Кругом не было никакого шума, никакого ропота, ничто не нарушало спокойствие моих занятий до того часа, когда эхо откликалось на трубу и барабан крепости, созывая наших людей в казарму.
Я никогда не находил никакой прелести в гарнизонной жизни; я никогда не мог привыкнуть ни к абсенту, ни к рому, ни к рюмочке коньяку. В ту впору, о которой я говорю, это называлось "не иметь ума в теле"; увы! свойства моего желудка не позволяли мне обладать такого рода умом.
Итак, я ограничивался тем, что обходил покои госпиталя, записывал свои предписания, вообще выполнял свою службу; затем я возвращался домой, делал разные справки, перелистывал свои книги, приводил в порядок свои наблюдения.
Вечером, когда лучи солнца медленно покидали долину, я, облокотившись на подоконник, отдыхал, размышлял о великом зрелище природы, всегда одинаковом в своей чудесной правильности и вместе с тем вечно новом.
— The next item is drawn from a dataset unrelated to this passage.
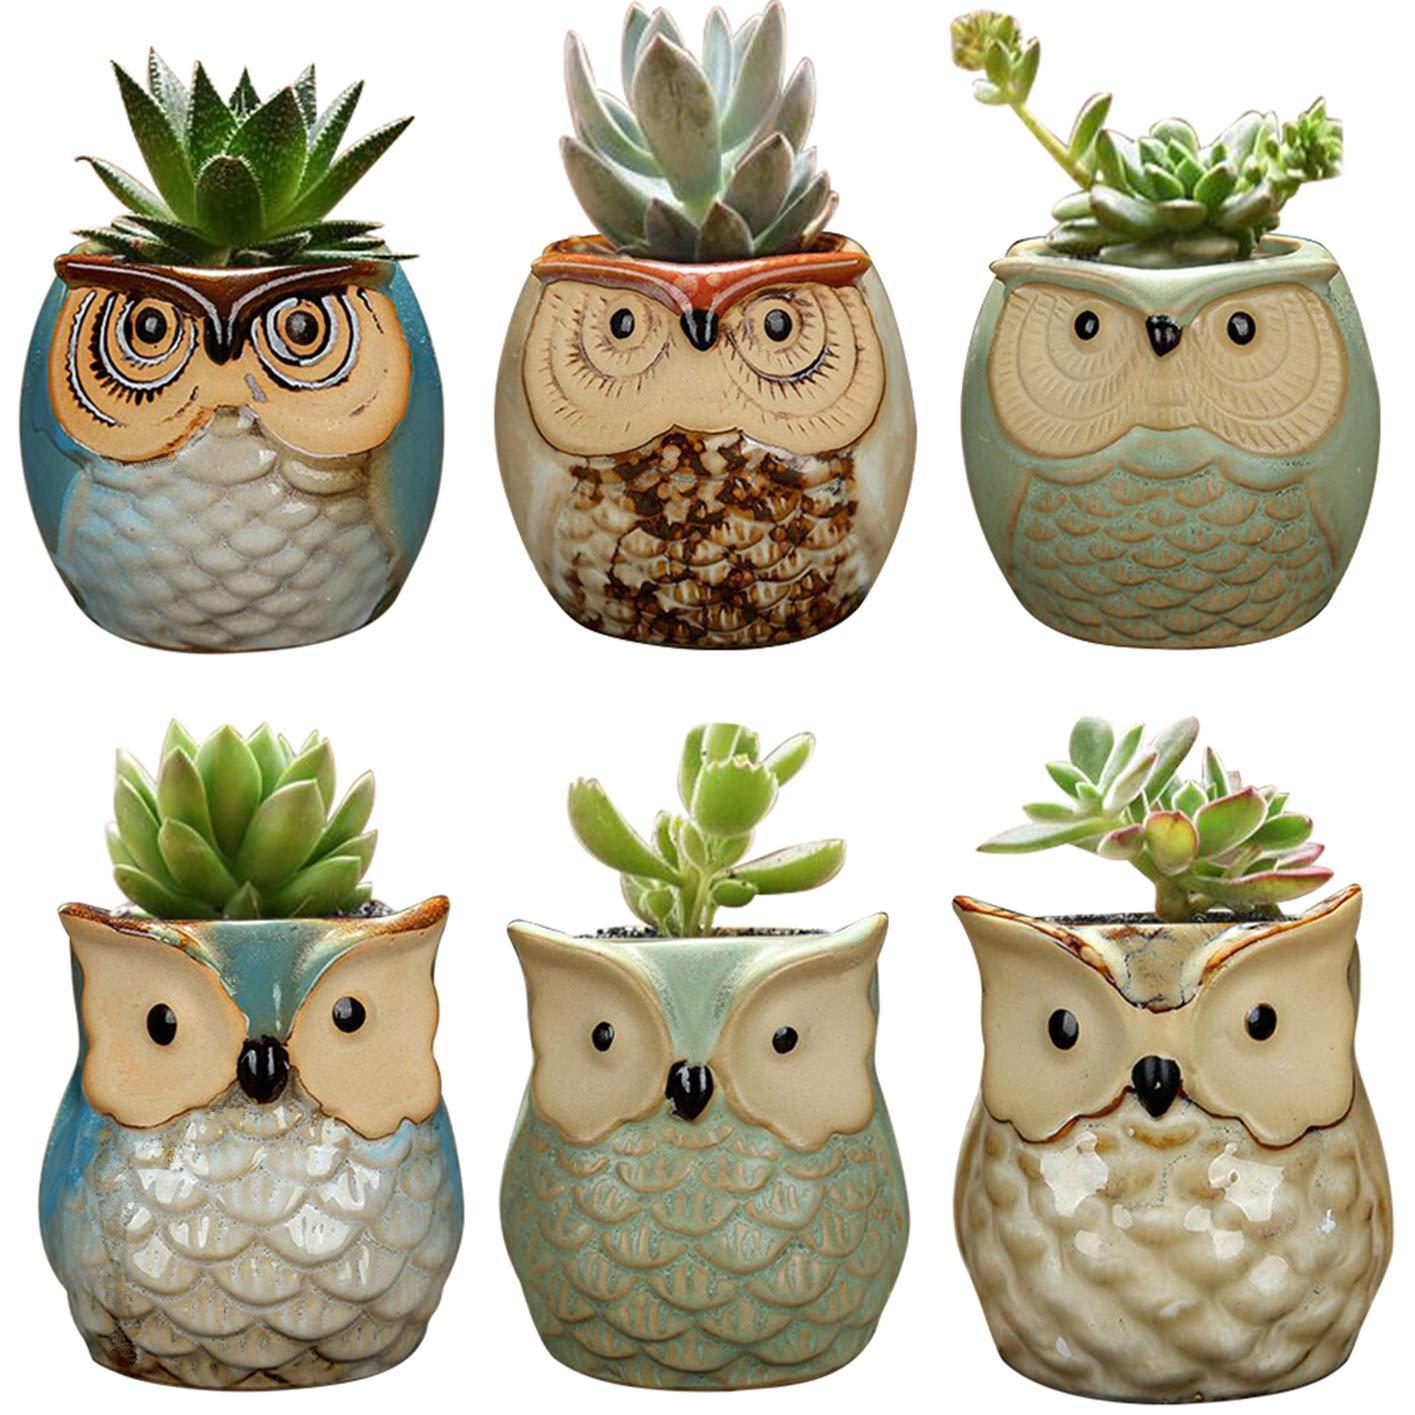 YLINGSU Cerami Succulent Cactus Plant Flower Conta 6 in Set 2.5 inch Owl Pot Ceramic Flowing Glaze Base Serial Se, Blue
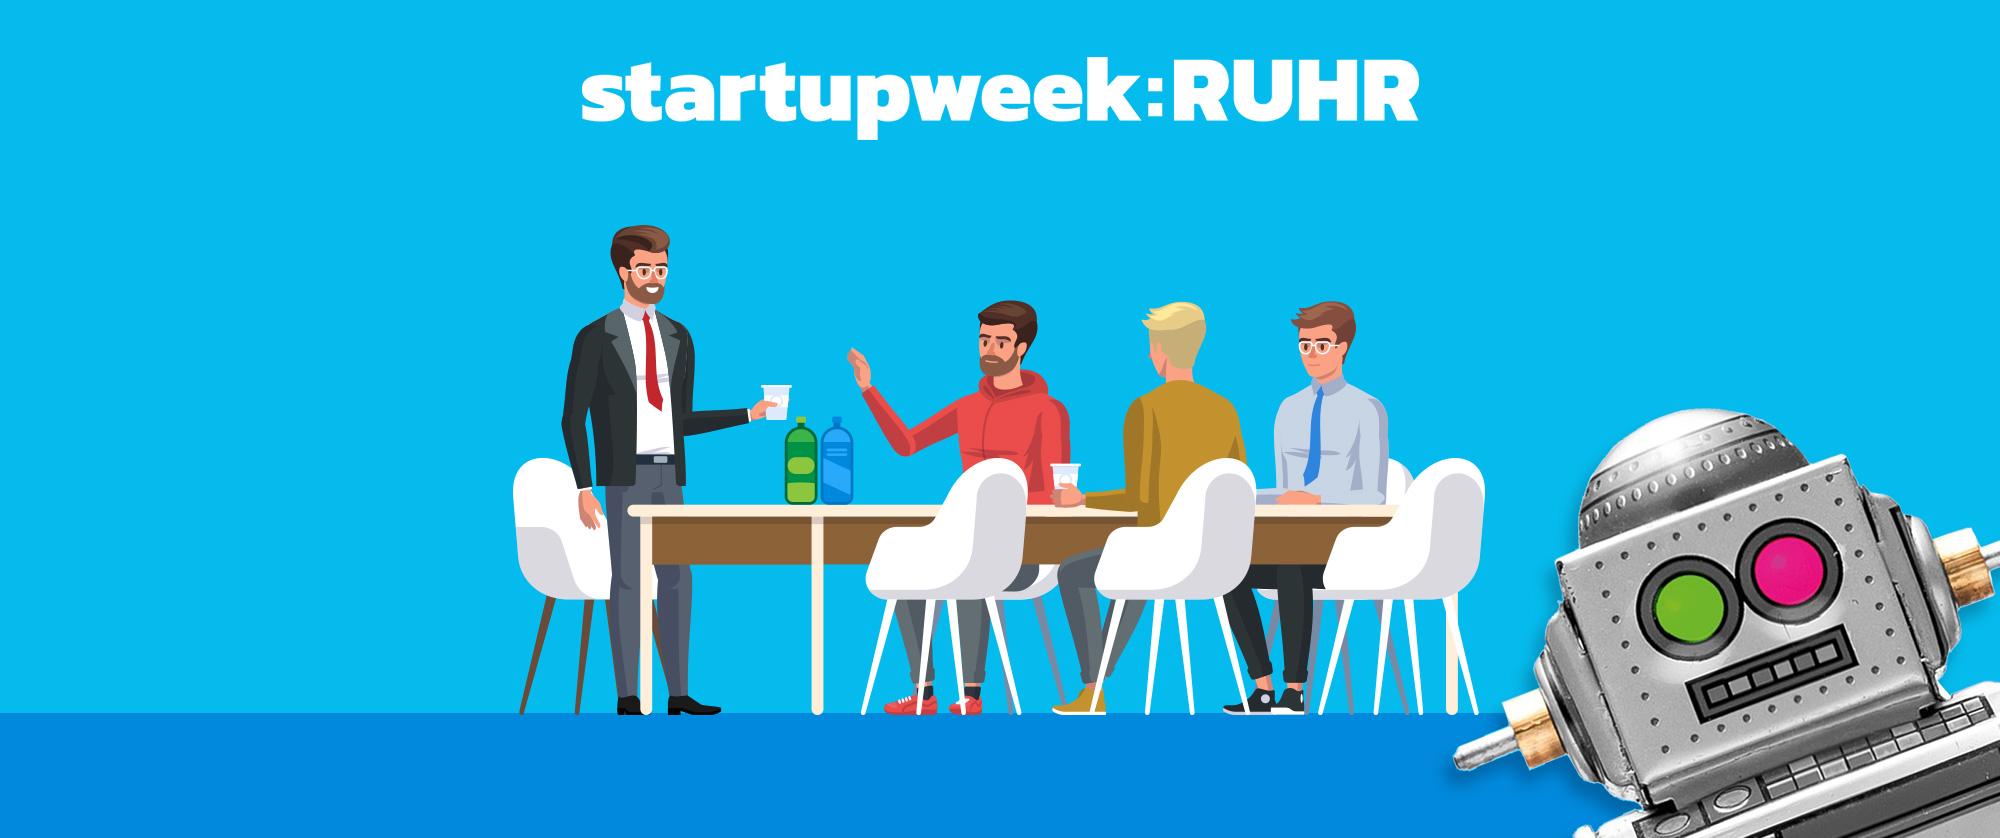 Camp Essen - Startupweek 2018 Kommunikation

Далёкий караван, тянувшийся по склону холмов; араб, галопом мчавшийся вдали, на самом горизонте и похожий на точку, затерянную в пустоте; несколько пробковых дубов, листва которых вырисовывалась на алых полосах заката, как причудливая виньетка, и, наконец, совсем, совсем далеко, надо мною, круги хищных птиц, бороздивших тёмную лазурь своими острыми, неподвижными крыльями: все это меня занимало, захватывало; я оставался бы там целыми часами, если бы долг не призывал меня к анатомическому столу.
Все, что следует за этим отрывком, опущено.